Here’s the thing about that article, it was written in complete ignorance of how marketing works. It was written with a paradigm of limitation and lack. This is the only column that's written with the profit motive in mind. There is an overabundance of those other articles. Since I am greatly out-numbered and the other side’s message is stronger than mine it’s simple to tell the culture and mindset of the cattle biz.

Now I said it was ignorant, not stupid. Let’s be clear on that. We can fix ignorant with a little education and some marketing skill. We can’t fix that other one. This is why people like me and Wally Olson teach marketing schools, and why there is in fact a need for them. The greatest thing anyone can do for another person is to help them reach a higher level of awareness.

Attitude and fact

Pay attention to this part, it may be the most important line I’ve written: Attitude is more important than fact.

Attitude is a combination of our thoughts, feelings, and our actions. It starts with the thought, and our actions dictate our results. So now we know what attitude really is

This other author thinks we need to take from others. That is based on lack and limitation. He is set to fight the market. I look at it differently. I will utilize the market as a wonderful tool to get my share. I will compliment by selling my over-valued cattle. They are over-valued because that is what buyers want so I will help them by selling them what they want. I then help the market some more by buying under-valued cattle, again under-valued because there is little interest in buying them.

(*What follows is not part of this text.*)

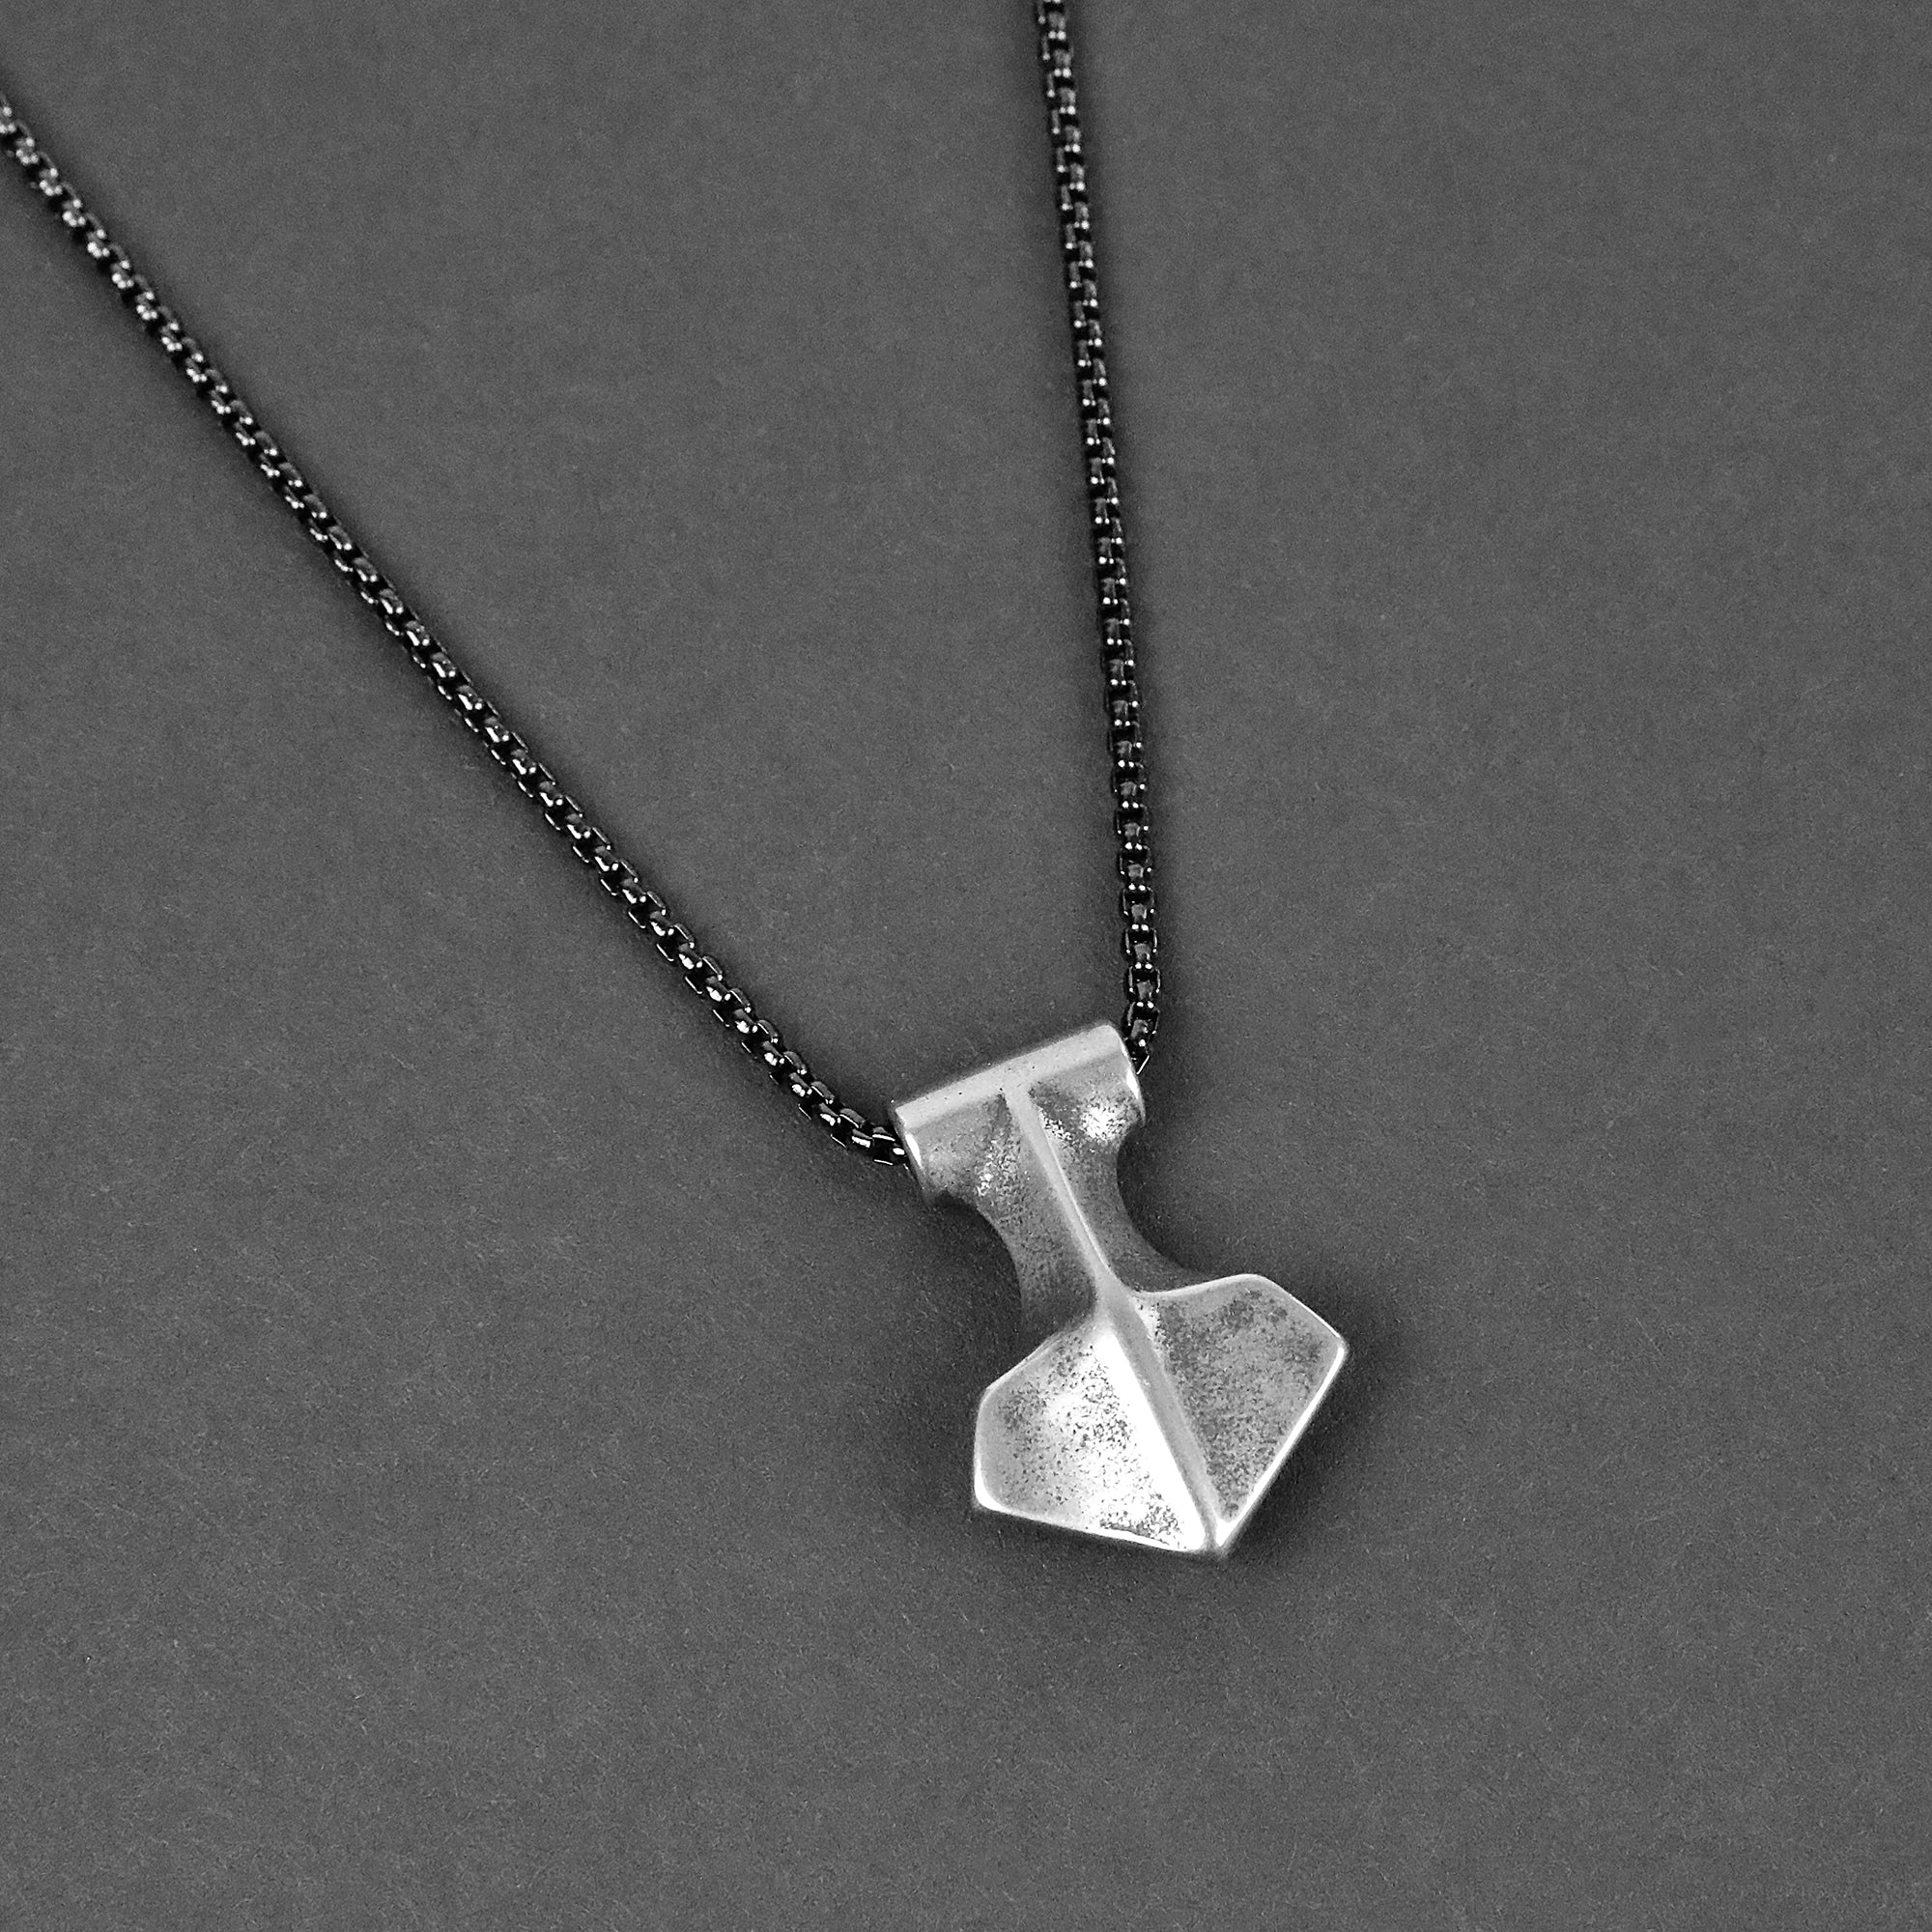 Viking Axe Necklace - Aged Silver x Black

We have two different mindsets, two different philosophies. Attitude is more important than fact. Here’s what that looks like

Fact: the packer bid 124-126 in Nebraska this week.

His attitude: That’s not good enough. We need to hold out and price gouge these rotten companies. Or he may think something like “I got took again. Another pen at a loss for me and another windfall for the packer.”

My attitude: Ok I can make that work. I can squeeze a margin out of that by replacing with heavy feeder heifers based on what they’ve been selling for. Cool man, let’s do the trade

That other guy, who we don’t even know if he owns any cattle, is a hero in this industry. His article will get more likes and shares than this one will, because it resonates with people. But his attitude will cause him to go broke.

At my marketing school I share stories of how flipping my attitude has helped make me money. Attitude is more important than fact.

A look at the markets

This week I got to see a good enough amount of females sell to be able to trend. A least-cost producer can easily capture appreciation value by breeding open replacement heifers. If this is not you then you will have more in those girls than they’re worth.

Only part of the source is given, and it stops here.